In the `SelfAttentionBlock`, we pass `prev_sa_output` (the previous layer's self-attention output for the same modality) to incorporate the **Layer-Residual Mechanism (LRM)**. 

In the `GuidedAttentionBlock`, `prev_ga_output` carries the previous layer's guided-attention output (for the same query modality).

Both blocks add their immediate input (`x` or `query_seq`) as well as the skip connection (`prev_*_output`) to the attention output before normalization, matching equations (8)–(10) in the paper.

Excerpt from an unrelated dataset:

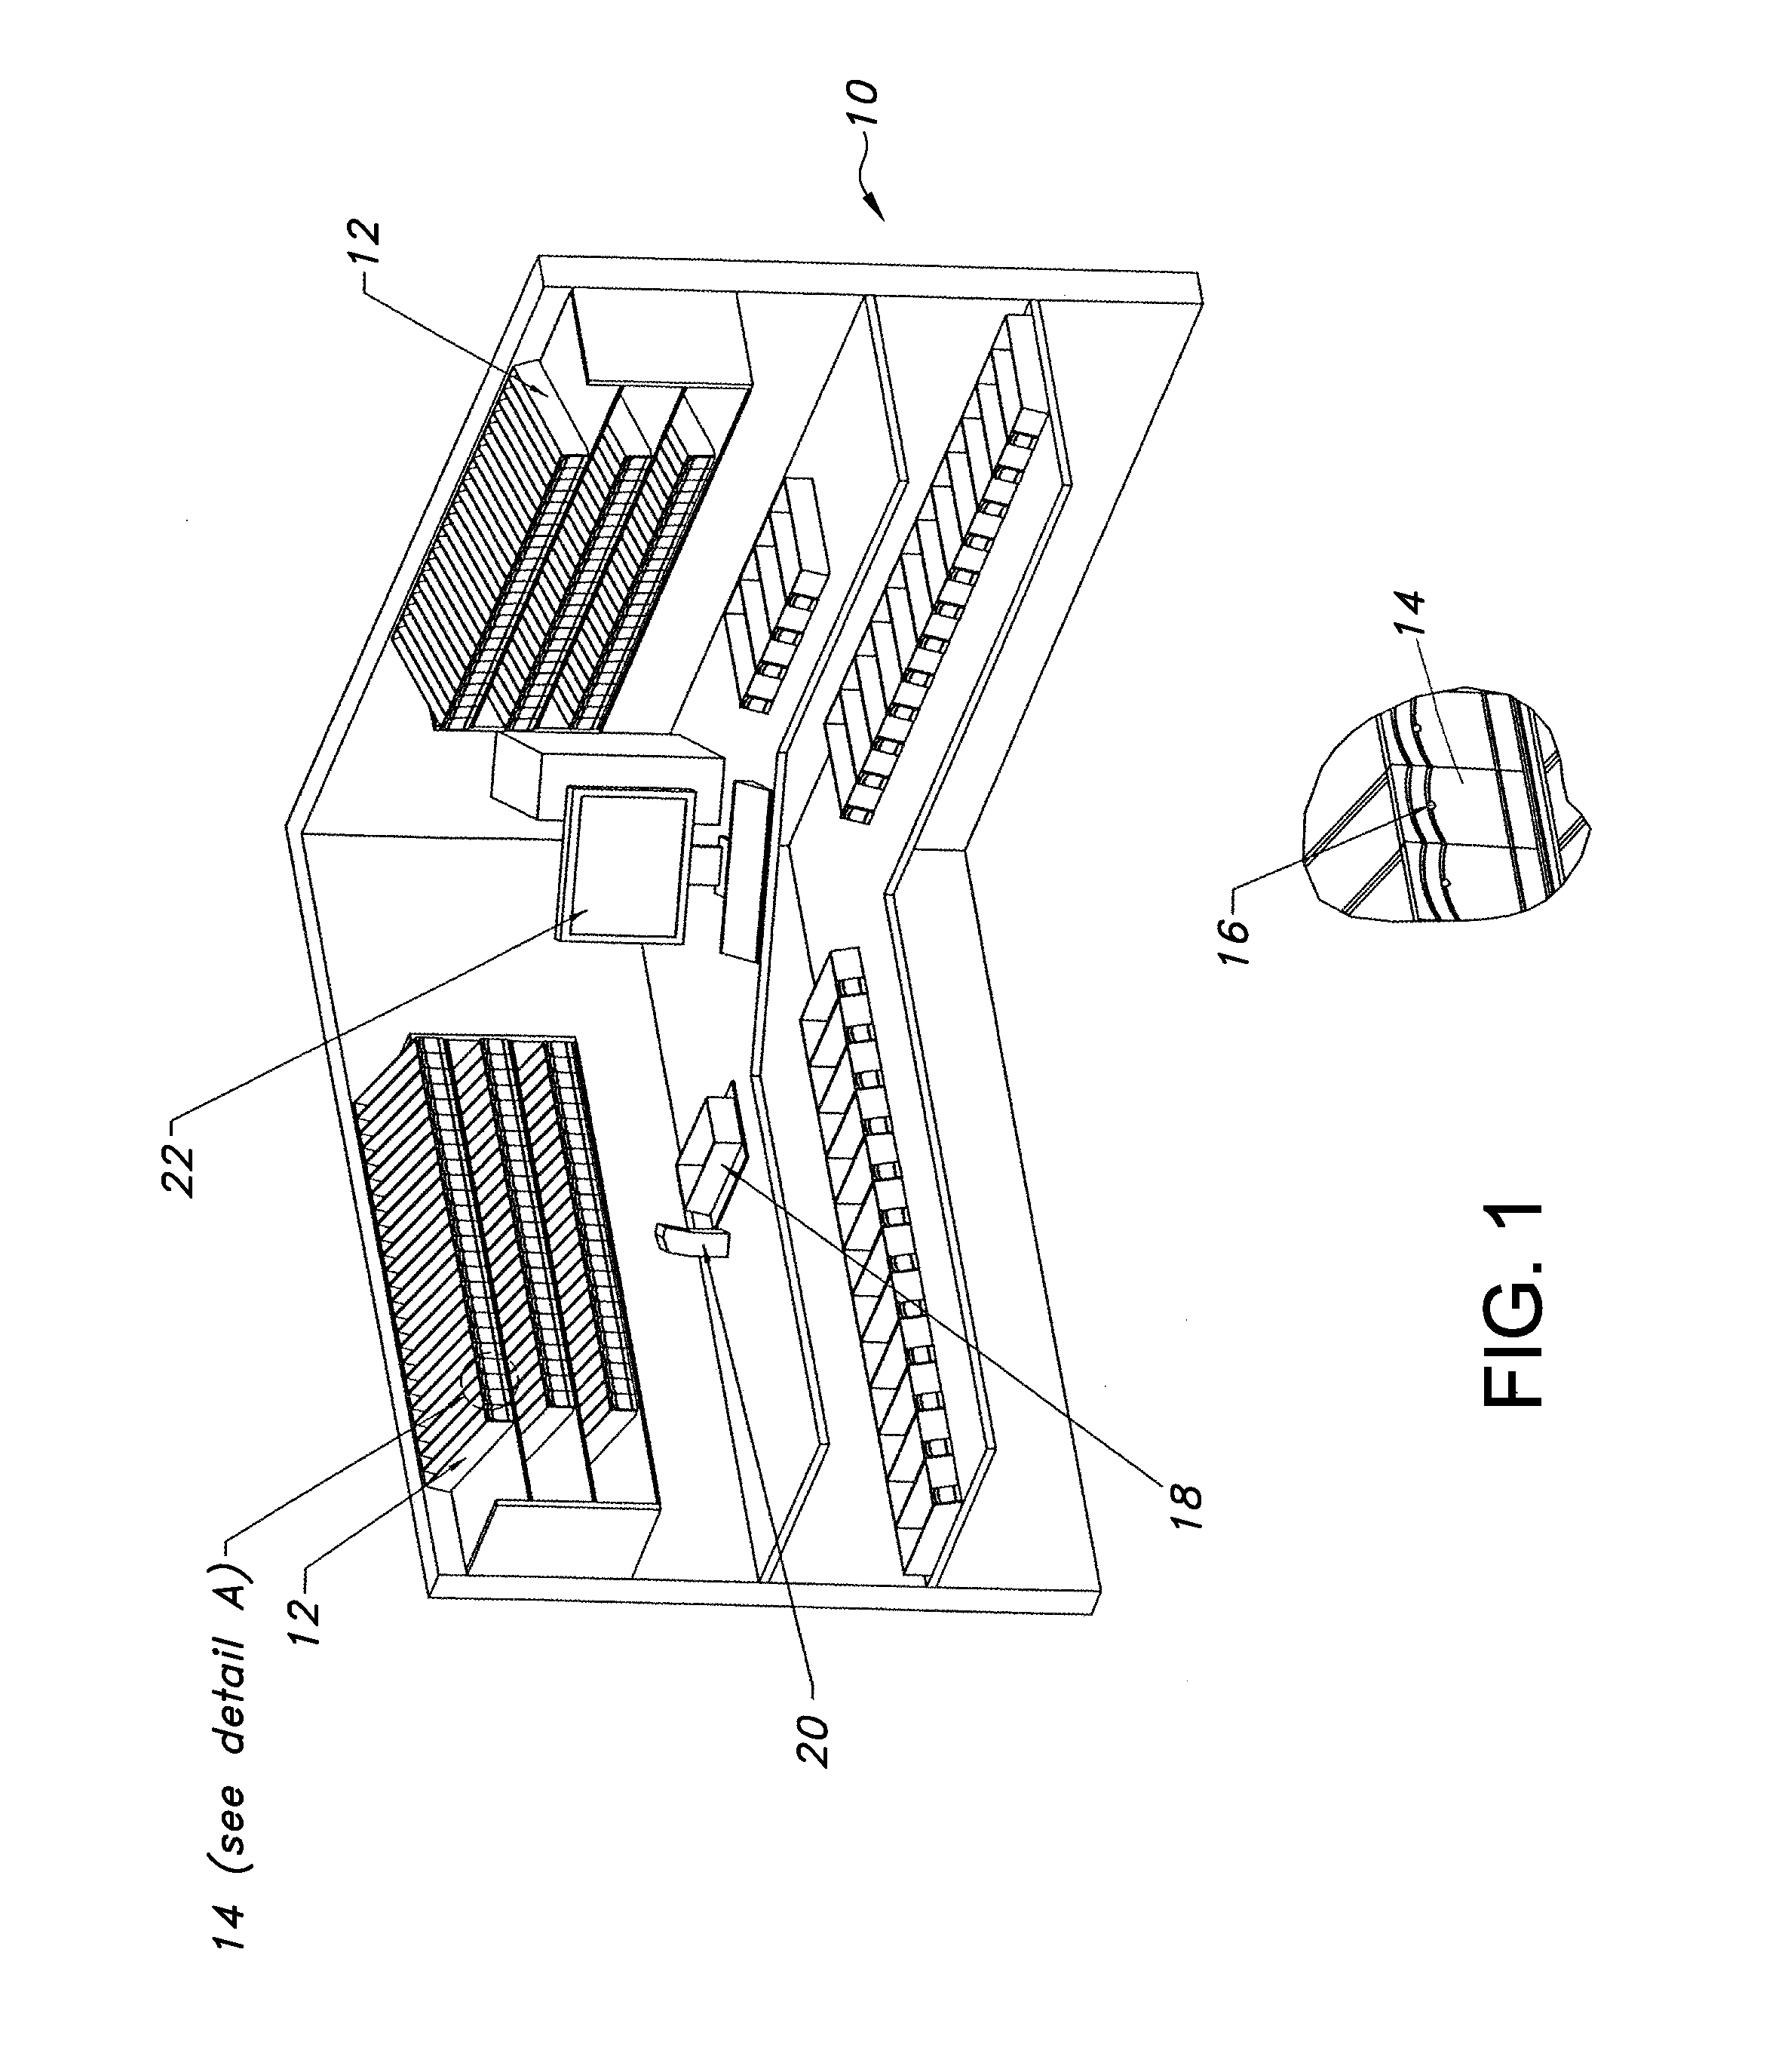 Inventory management system using RFID tags to aid in dispensing and restocking inventory

# LRCN Model Variants: Pure-Stacking, Co-Stacking, Encoder–Decoder

The LRCN model can be configured in three stacking variants as discussed in the paper:

### Encoder–Decoder (E-D)
The question features are fully encoded with self-attention layers, then the final question representation guides the image features via a guided-attention layer (similar to a traditional Transformer encoder-decoder).  
This means the image is only attended once by the final question features.

### Pure-Stacking
The question and image features interact at every layer. At each layer:
- The question features are first refined by a self-attention block.
- Then, the image features are updated by a guided-attention block using the same layer's question output.

The question is not directly updated by the image in this variant; image guidance happens progressively with increasingly refined question features.

### Co-Stacking
A bidirectional co-attention is applied at every layer. At each layer:
- After the question self-attention, **textual co-attention** is applied (question features are guided by image features) to inject visual information into the question representation.
- Then, **visual guided-attention** is applied (image features are guided by the updated question).

This allows early and reciprocal interactions: image guiding text and text guiding image at each layer, enabling richer feature fusion.

---

We implement a single `LRCNModel` class that can switch between these variants. The model consists of:

### Word Embedding + LSTM Encoder
- Embeds the input question tokens using preloaded **GloVe** weights.
- Encodes them into an initial question feature sequence \( Y \) of length \( m = 14 \) and dimension 512.

### CNN Feature Extractor
- Processes the input image to produce a grid of \( n = 64 \) visual features of dimension 512.
- We use **ResNeXt-152** (pretrained), truncated to output a \( 16 \times 16 \) feature map.
- This is then downsampled to \( 8 \times 8 \) via a 2×2 stride-2 convolution, as described in the paper.
- A linear layer reduces 2048-dimensional features to 512-dimensional.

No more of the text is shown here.